» What this task involves:
Of all the entries below, only the lines from the one with "NIKE Chaussure de" up to and including the one with "Хлорофилл Жидкий НСП Chlorophyll Liquid NSP" are to be duplicated exactly.

» Dataset:
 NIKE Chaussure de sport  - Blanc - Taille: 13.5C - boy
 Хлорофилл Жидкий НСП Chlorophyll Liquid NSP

==

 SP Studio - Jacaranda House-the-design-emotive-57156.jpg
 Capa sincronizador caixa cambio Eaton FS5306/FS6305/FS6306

---

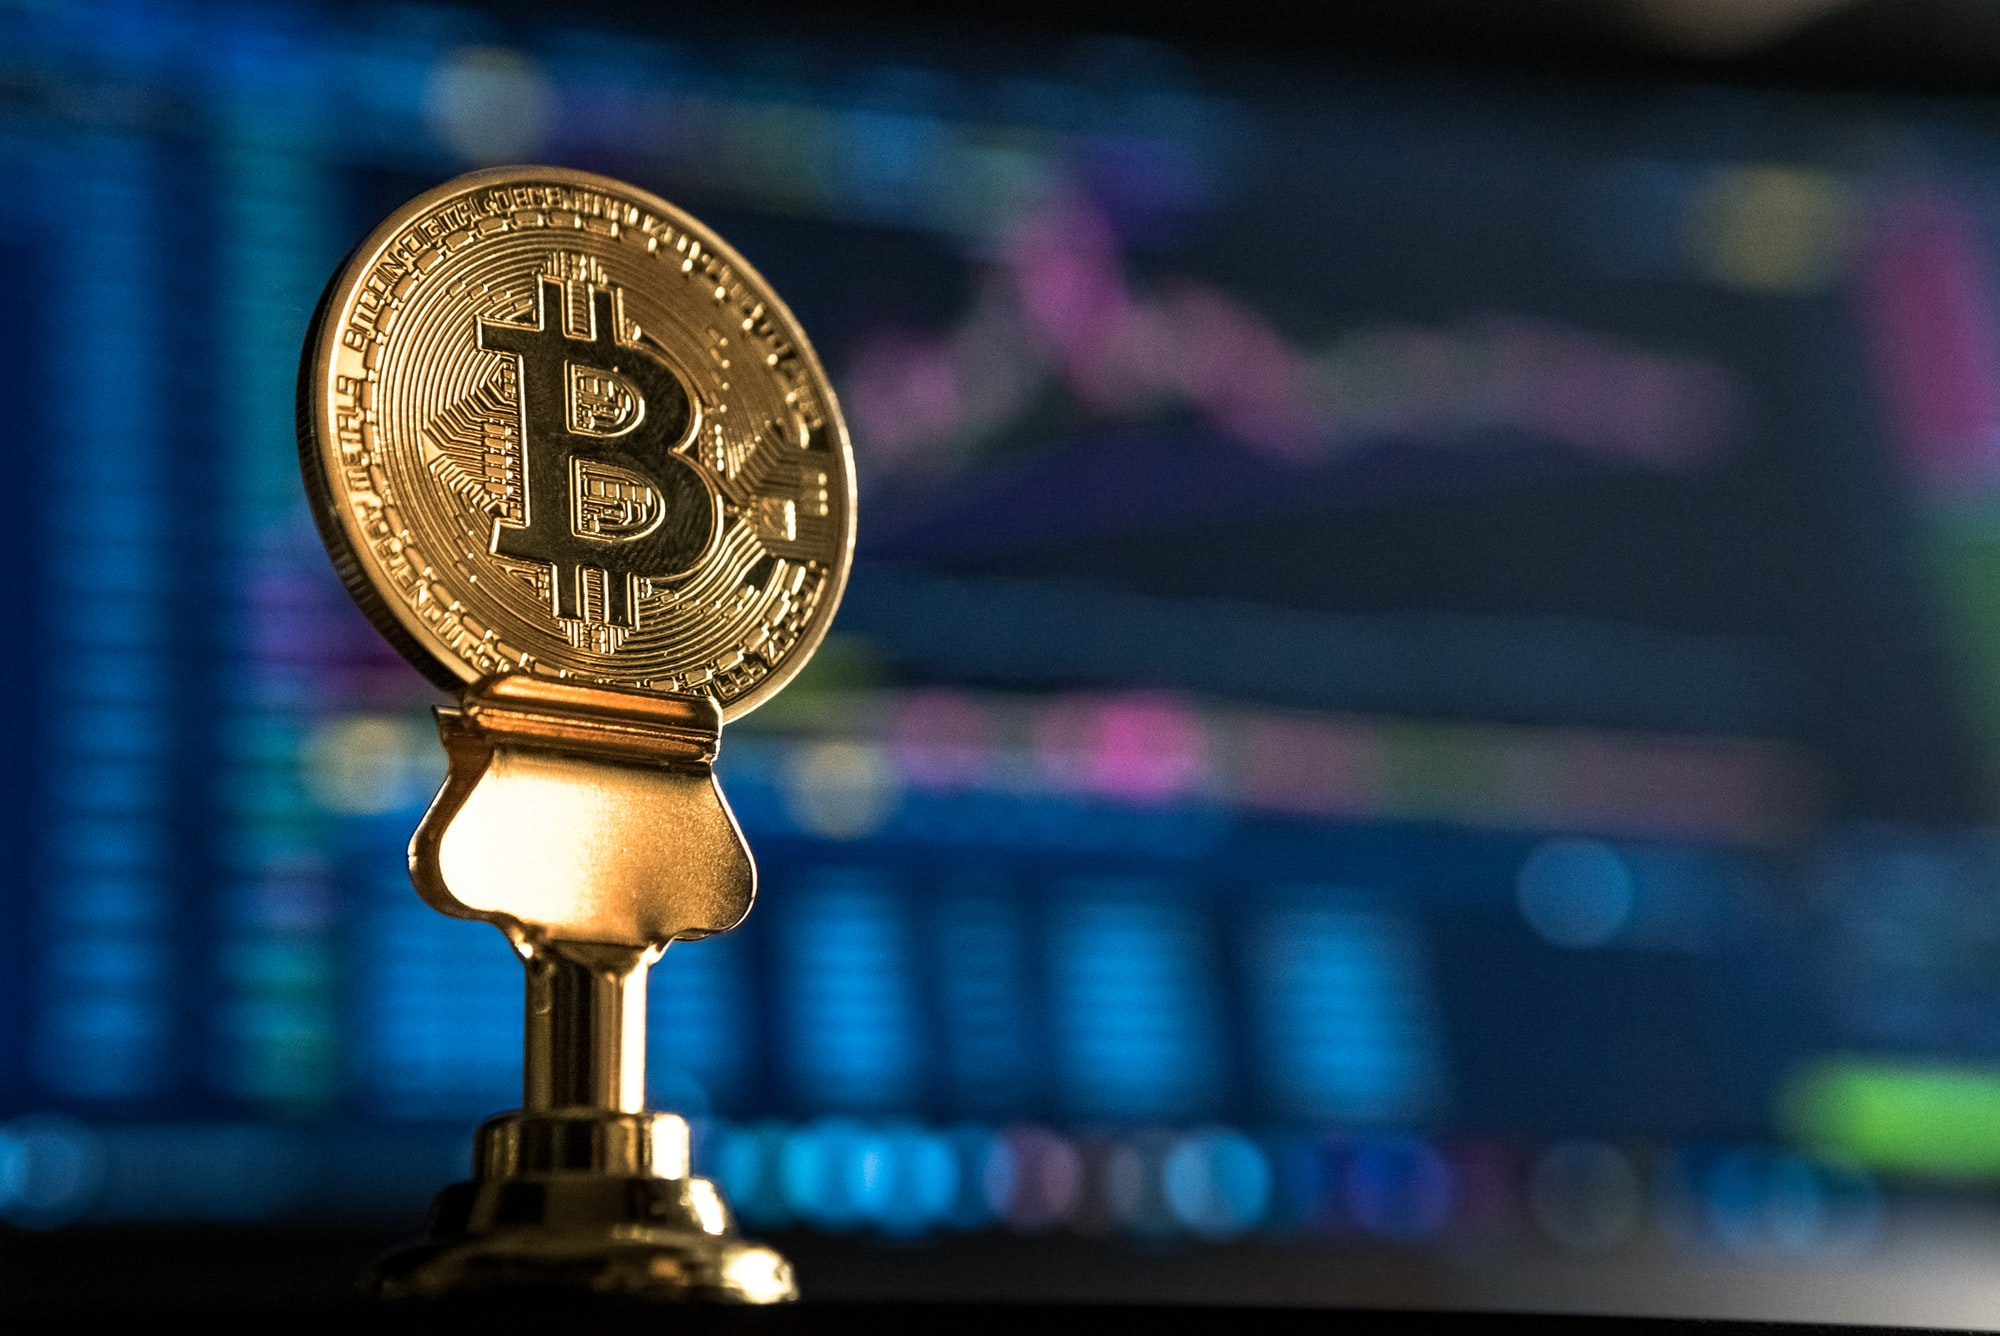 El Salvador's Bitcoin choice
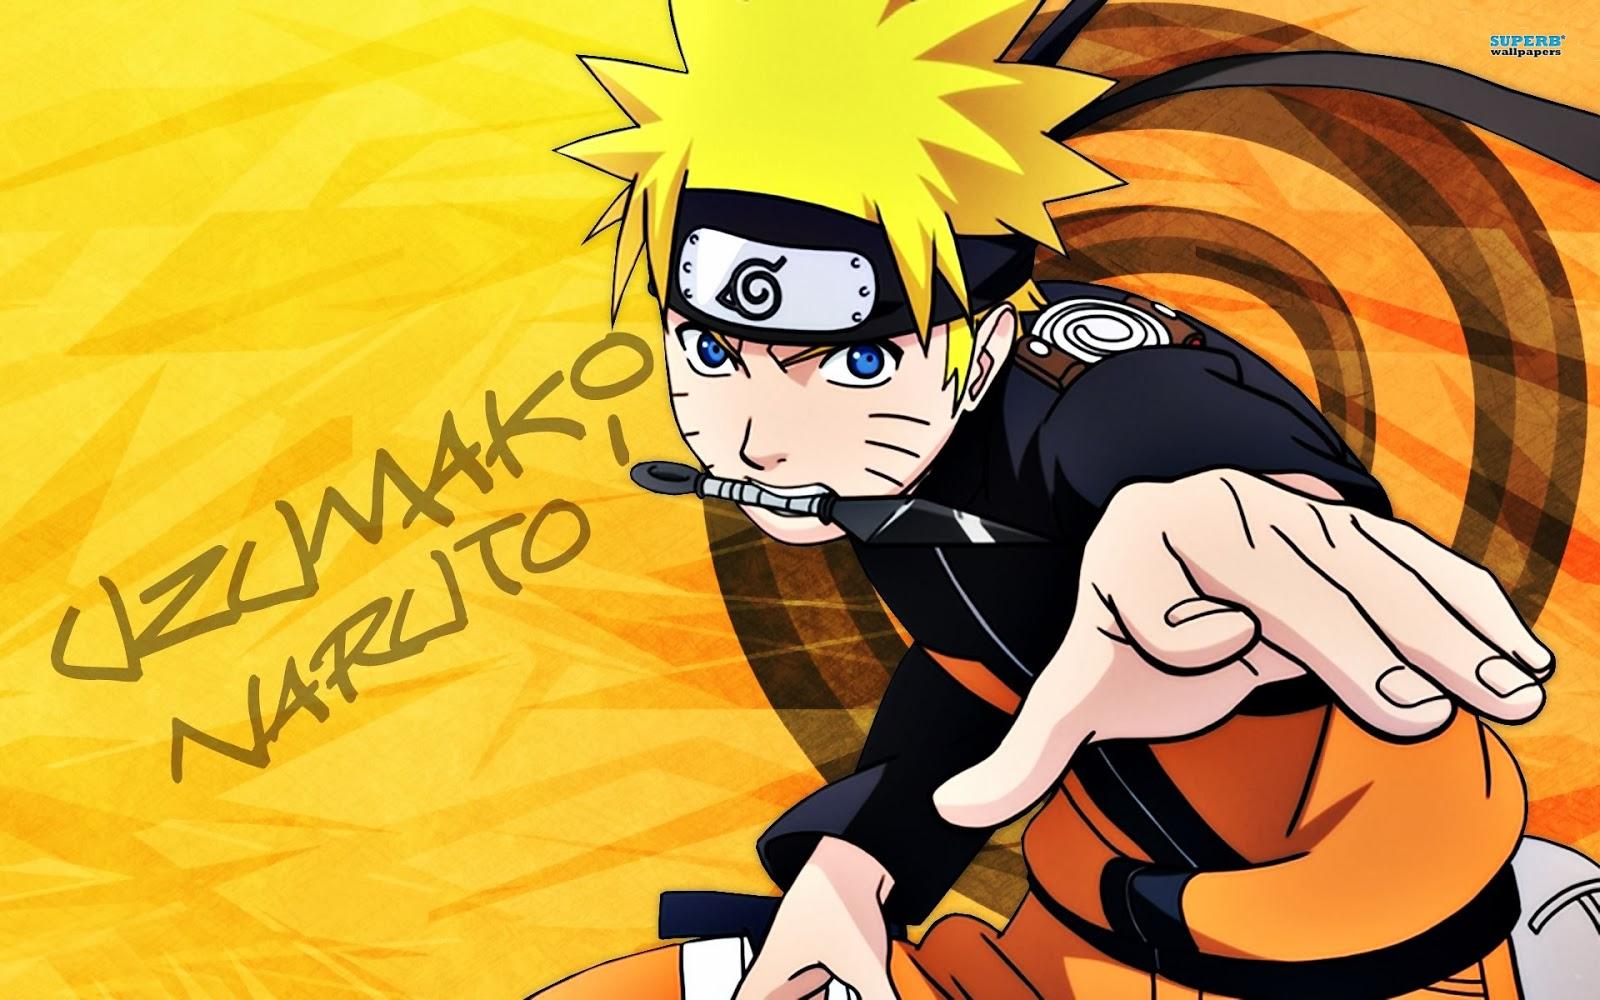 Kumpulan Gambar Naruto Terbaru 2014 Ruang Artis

» Task response:
 NIKE Chaussure de sport  - Blanc - Taille: 13.5C - boy
 Хлорофилл Жидкий НСП Chlorophyll Liquid NSP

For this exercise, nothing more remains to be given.